Маркел Иванович лениво поднялся с дивана, вздохнул и стал натягивать на себя панталоны (когда он сидит дома, Пелагея Петровна из экономии держит его в одном нижнем). Он был выпивши, в голове его от одного виска к другому перекатывалась тяжелая, свинцовая пуля, но мысль, что он идет сейчас делать дело, подбодрила его. Одевшись, он взял трость и степенно зашагал к аптеке.
— Вам что угодно? — спросил его в аптеке толстый лысый провизор с большими, пушистыми бакенами.
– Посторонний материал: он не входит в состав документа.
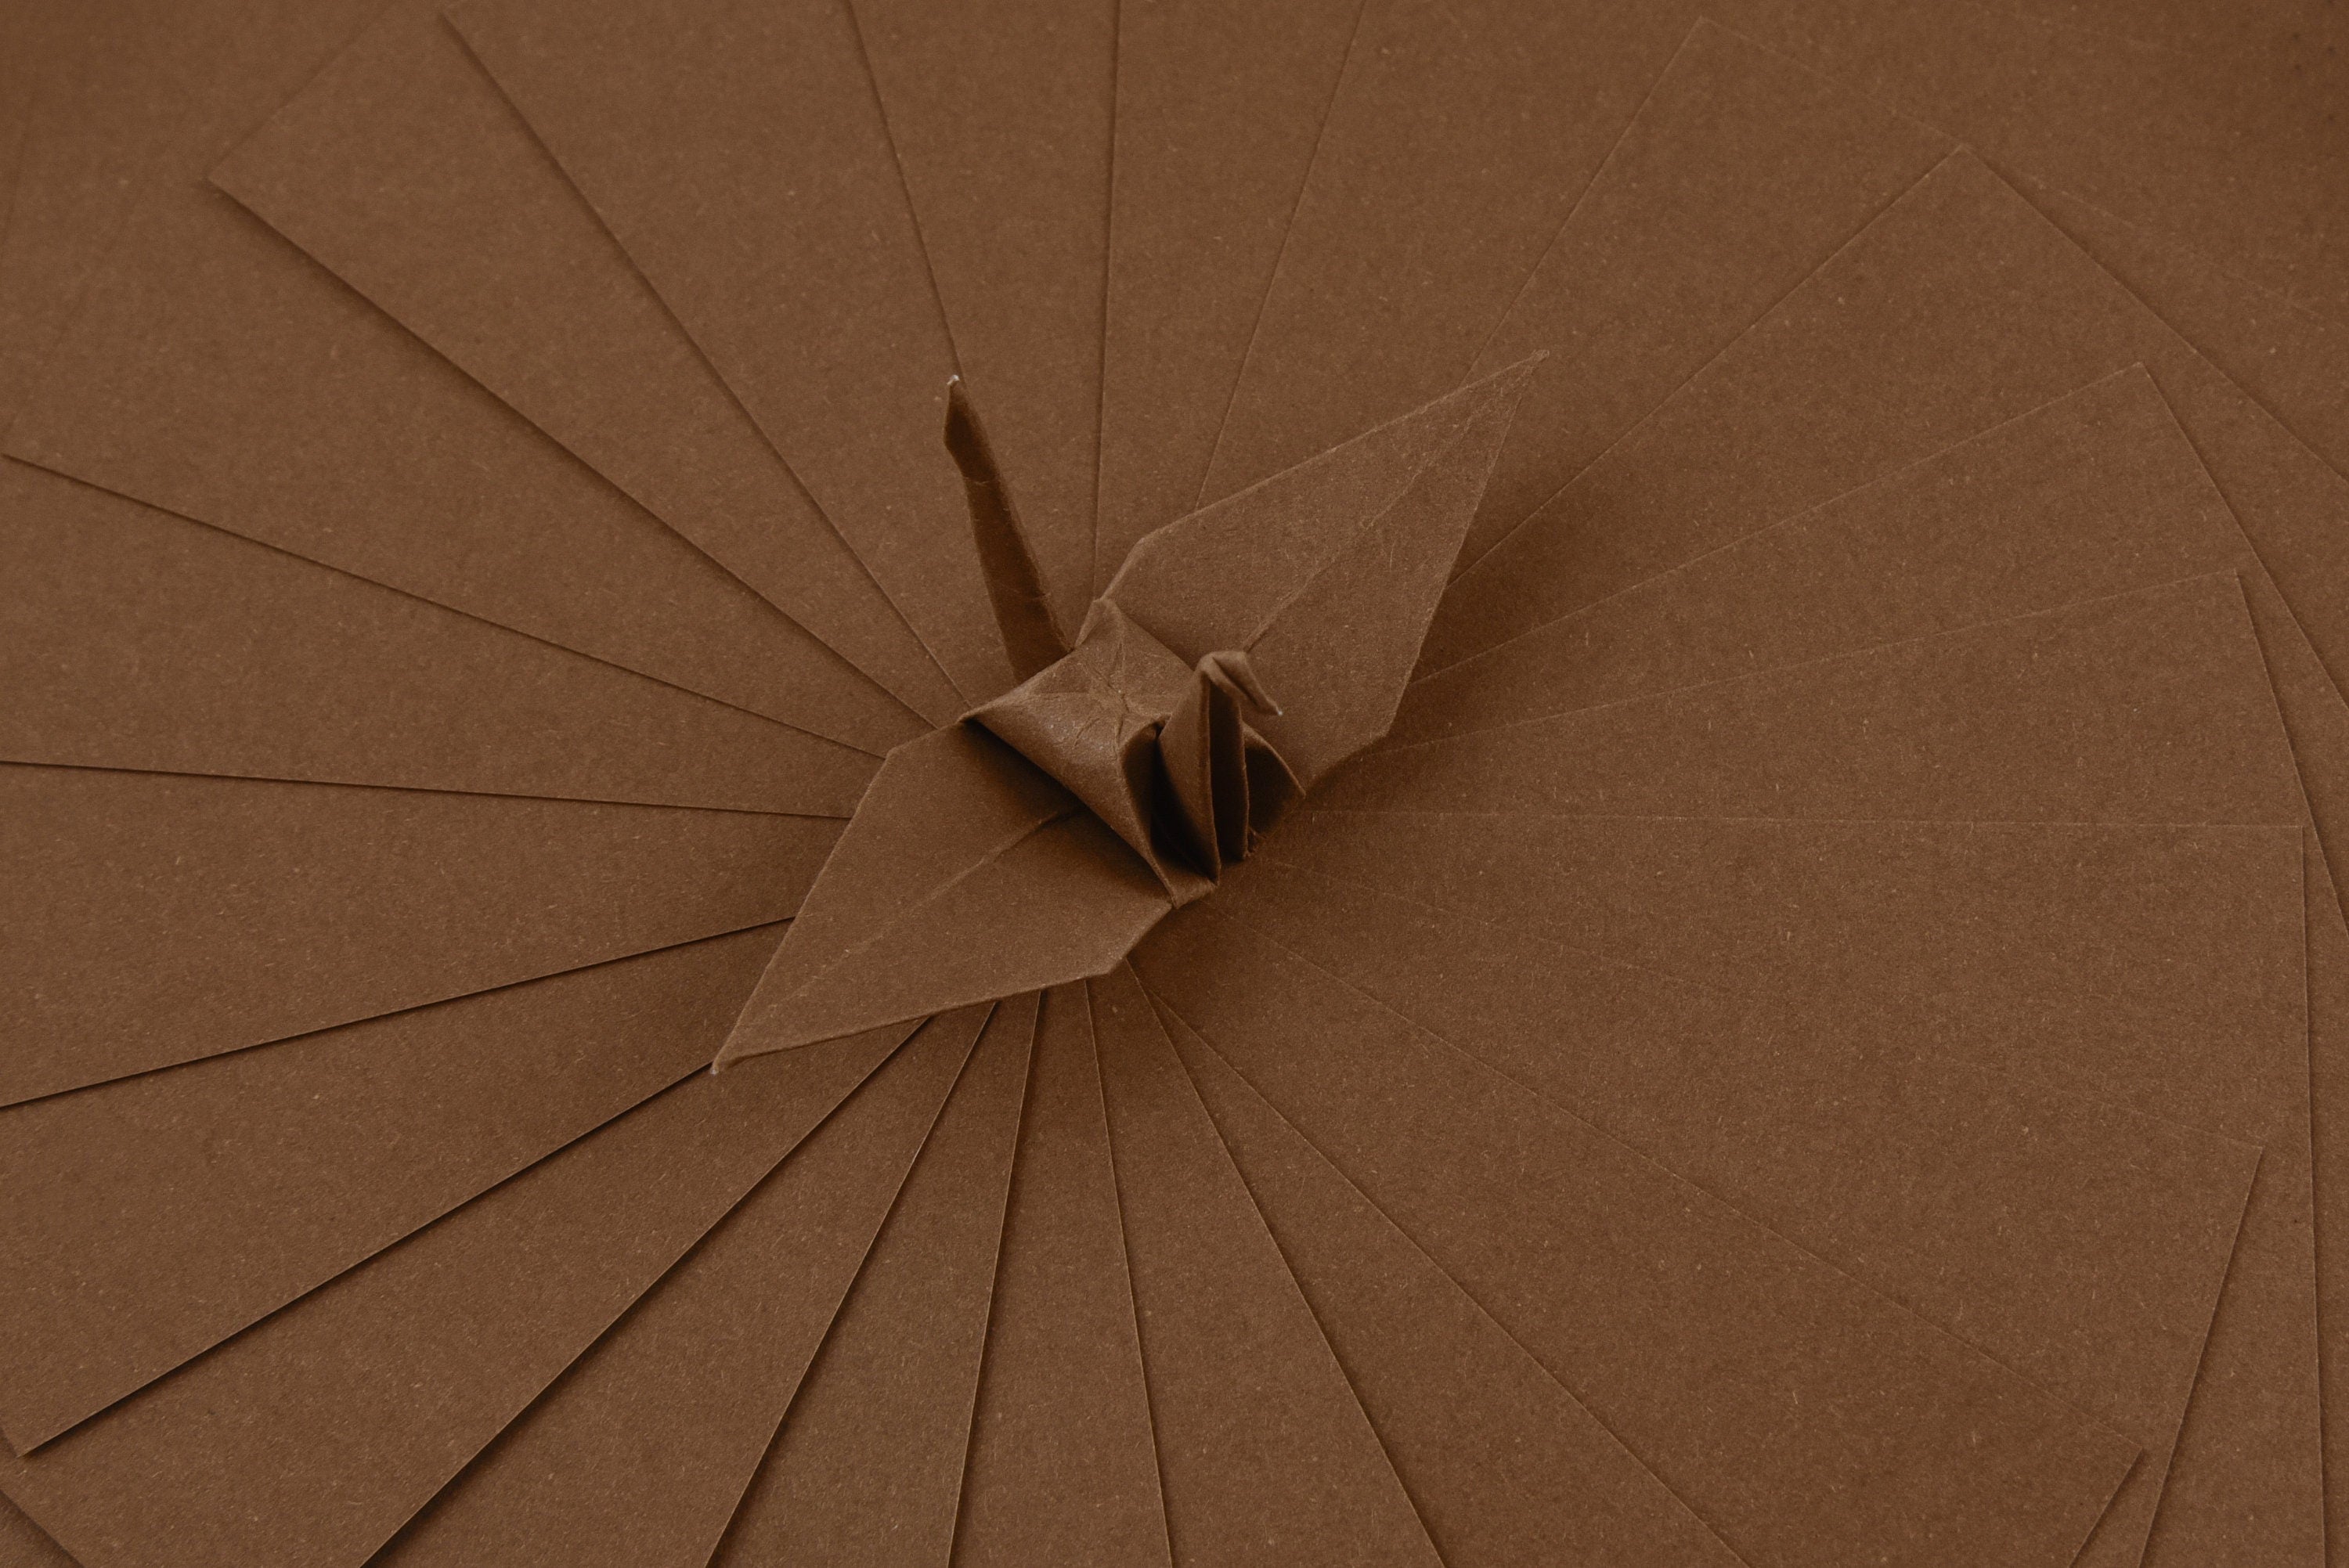 100 Hojas de Papel Origami Marrón - 3x3 pulgadas - Paquete de Papel Cuadrado para Plegar, Grullas de Origami y Decoración - S07

— Мне чего-нибудь этакого… — начал робко Маркел Иванович, почтительно глядя на пушистые бакены. — У меня, собственно говоря, нет рецепта, и я сам не знаю, что мне нужно, может быть, вы мне посоветуете что-нибудь.
— Да, а что случилось?
— Дело в том, что уж неделя, как не пьет, не ест. Всё время, знаете ли, слабит. Скучный такой, унылый, словно потерял что-нибудь или совесть нечиста.
Провизор приподнял углы губ, прищурился и обратился в слух. Фармацевты вообще любят, когда к ним обращаются за медицинскими советами.
— А… гм… — промычал он. — Жар есть?
— Этого я вам не могу сказать, не знаю… Уж вы будьте такие добрые, дайте чего-нибудь. Верите ли? Смотреть жалко! Был здоров, ходил по двору, а теперь на тебе! — ни с того ни с сего нахмурился, наершился и из сарая не выходит.
— В сарае нельзя… Теперь холодно.
— Хорошо, мы его в кухню возьмем… А жалко будет, ежели тово… околеет. Без него индейки жить не могут.
— Какие индейки? — вытаращил глаза провизор.
— Обыкновенные… с перьями.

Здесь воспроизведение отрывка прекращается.